For CFX, nearly the same boundary conditions were used as in FloEFD, with the following differences:
for modelling the turbulence, the SST model was used,
for meshing the body fitting and element sizing technique was used,
a tubular computational domain was used (Figure 7).
Two different methods were used, the frozen rotor method (in steady state) for sweeping the whole axial range, and the sliding mesh technique (in unsteady state) for simulating the turbulence and checking the steady state result for the measured axial distance.
MEASUREMENT METHOD
For validating our simulation, a 3D printed version of the turbine wheels were used, which are shown in Figure 8.
The printed wheels were taken into a wind tunnel (Figure 9) where we were able to measure the generated torque[17].
RESULTS
RESULTS
In the software for each axial distance the flow field was similar.

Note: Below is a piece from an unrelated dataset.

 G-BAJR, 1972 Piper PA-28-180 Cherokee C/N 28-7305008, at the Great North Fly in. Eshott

In the next figure (Figure 10) the velocity distribution near the turbines for A = 0,5D distance is shown.
For comparing our simulations, we were monitoring the torque on the surface of the blades. At the end of the simulation, in steady state the simulation affords a single value for the torque, while in transient the CFD software a torque value was produced for each time step. These time series are shown in Figure .
The power coefficient (cp) can be calculated from the torque and the boundary conditions. In Figure 12 the simulated cp-s is shown, the frozen rotor technique (steady state) with blue dots, and the cp with SST turbulent model in unsteady state (CFX) with the yellow square, and the cp with k-ε turbulent model in unsteady state (FloEFD) with grey diamond, and the measured cp with the red triangle. In each case, the cp value is the sum of the two blades’ power coefficients.

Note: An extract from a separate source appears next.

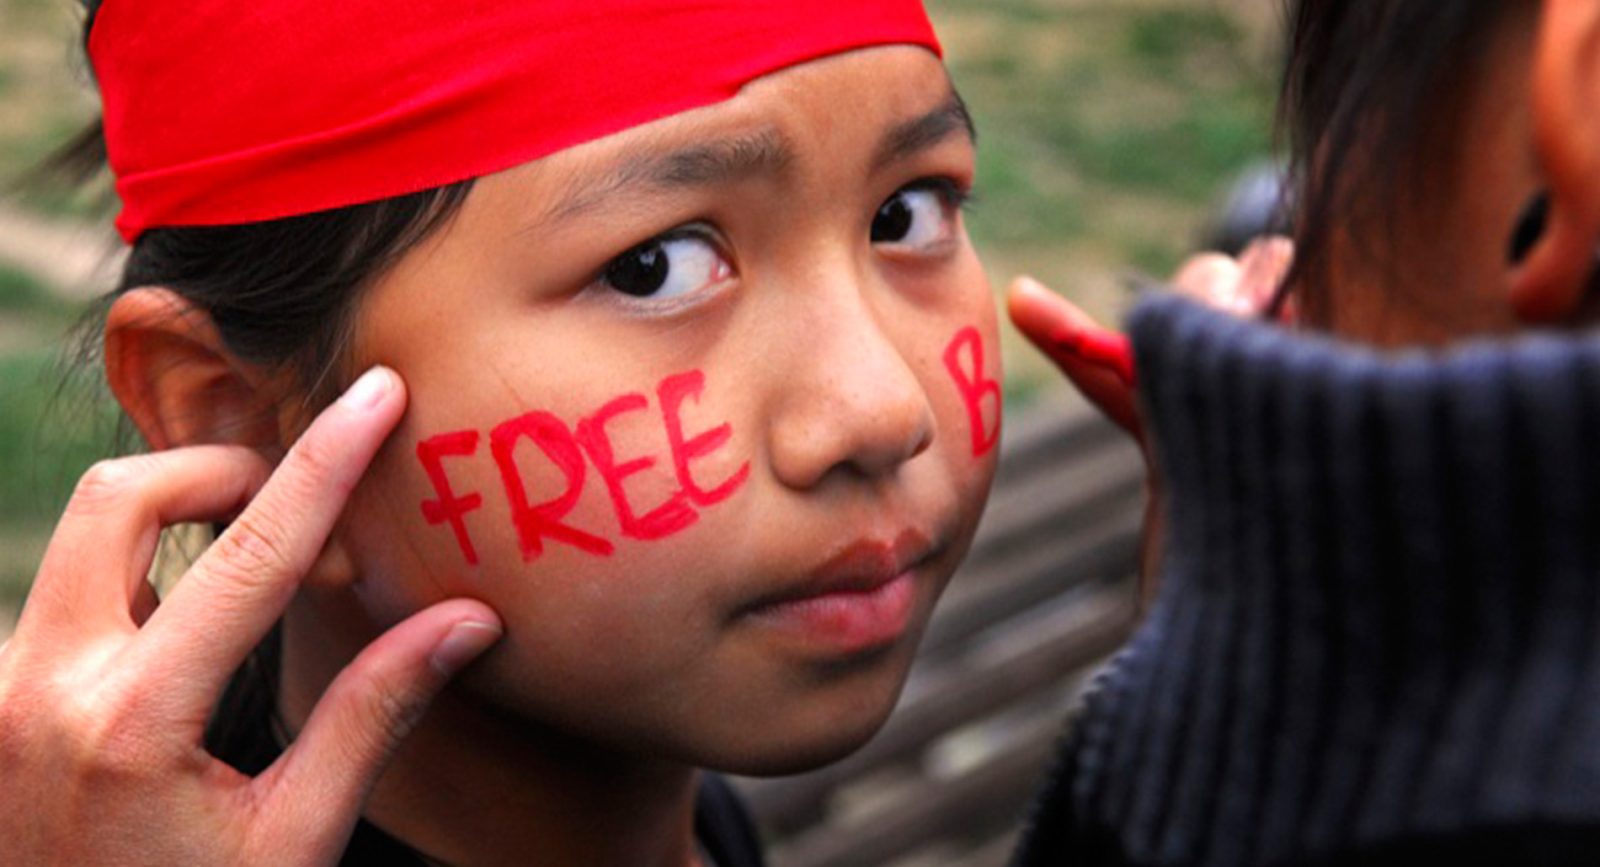 A young girl with 'Free Burma' written across her cheeks

The simulated cp with frozen rotor was 96,54 % while the simulated cp with transient rotor stator was 86,15 % (with SST) and 86,08 % (with k-ε) of the measured cp.
For comparison, we ran a simulation with frozen rotor technique for a one rotor turbine, and its power coefficient was 0,3424, which was 73,29 % of the measured CO-DRWT’s cp.
CONCLUSIONS
In this study, we were analysing a counter-rotating dual rotor wind turbine between 0,005D and 2D axial distance with a fixed 0,5D radial shift. At the end of the simulations, the power coefficient was plotted against the axial distance (Figure 11), and it was compared with a measured value.

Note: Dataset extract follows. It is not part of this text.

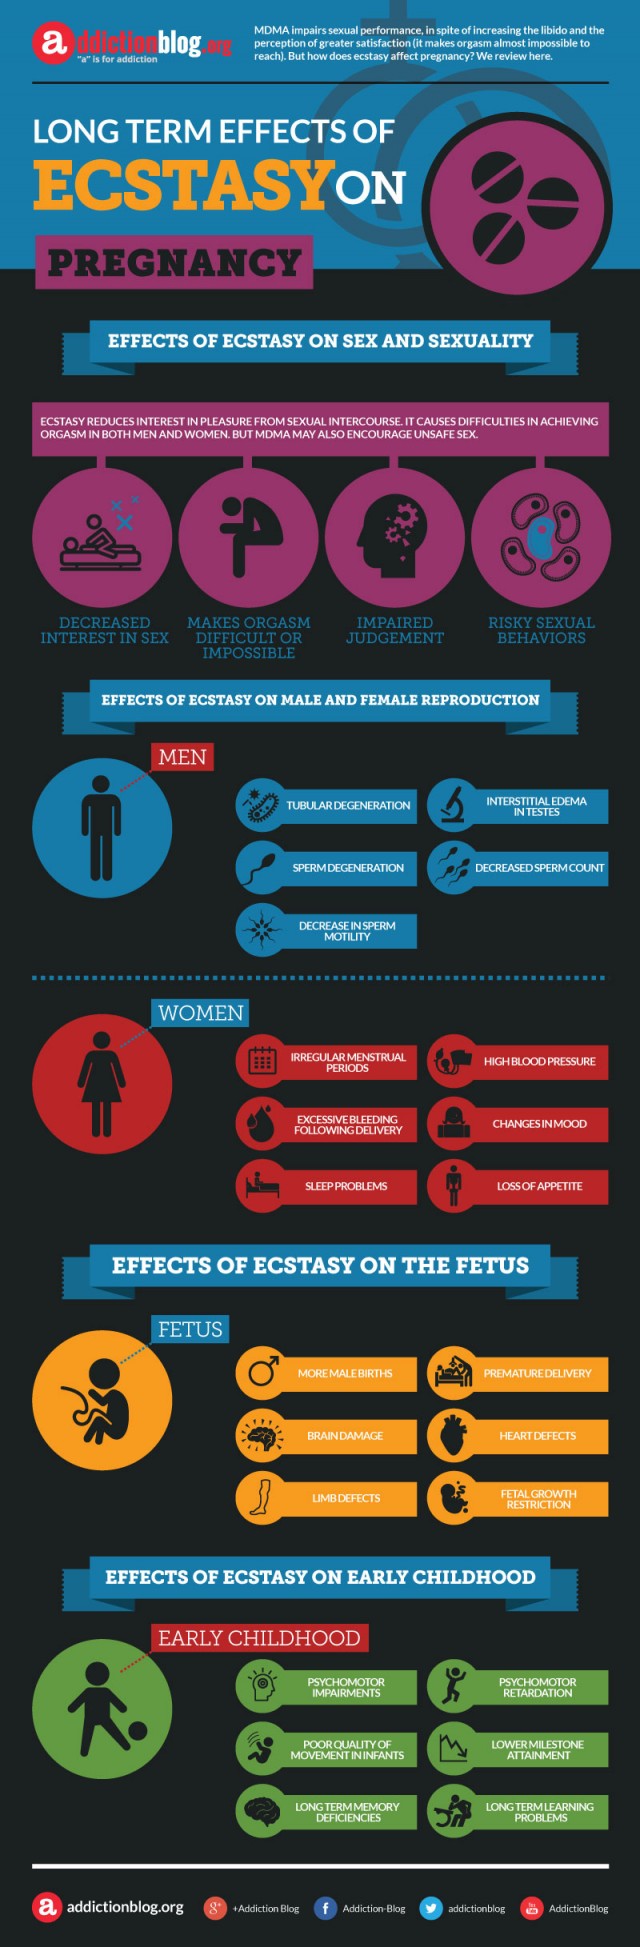 Effects of ecstasy on pregnancy (INFOGRAPHIC)

Upon the results shown in Figure , the following statements can be established:
1) The power coefficient (cp) was higher when the turbine wheels were closer.
2) In a built application, the zone before 0,2-0,25D was avoided, because the blade deformation could cause collisions.
3) The highest cp was found at 0,05D. The second was at 0,005D, which is 0,01096 % smaller than value at A = 0,005D.
4) The dependence of the simulated cp’s with the distance can be modelled as y = –0,0172 ∙ x4 + 0,0487 ∙ x3 + 0,0370 ∙
x2 – 0,1792 ∙ x + 0,5343 with the goodness of fit of R2 = 09874.
5) The first wheel power coefficient (cp1) and the second power coefficient (cp2) were approximately the same in the 0,05-0,25D range.
6) After 1D axial distance, the cp1 value was 3 to 4 times larger than cp2.
7) The SRWT’s cp value was 4,29 % larger than CO-DRWT’s cp1 value for the 1.5D distance, 4,25 % more than the 1,75D’s value and 3,01 % bigger than the 2D’s value.
Upon conclusions 1) and 2), the recommended optimal distance was the closest where the blades do not have any collisions. For the required minimal distance, a measurement or a two-way FSI simulation is necessary.
We made the mesh dependency analysis for the A = 0,5D configuration, therefore, conclusion 3) might be a result of a numerical error. If not, the cp of 0,05D has the largest value, therefore, it is energetically the best examined distance.
Regarding conclusion 7), we can establish that for large axial distance (like the 1,5-2D), a counter-rotating DRWT first rotor produces similar power like a single SRWT, therefore, the second rotor produces the extra power.
Based on the conclusions of the presented study, the CO-DRWT has a large potential as an engineering application for increased wind energy harvesting at small places where it is needed, such as in the urban areas of smart cities.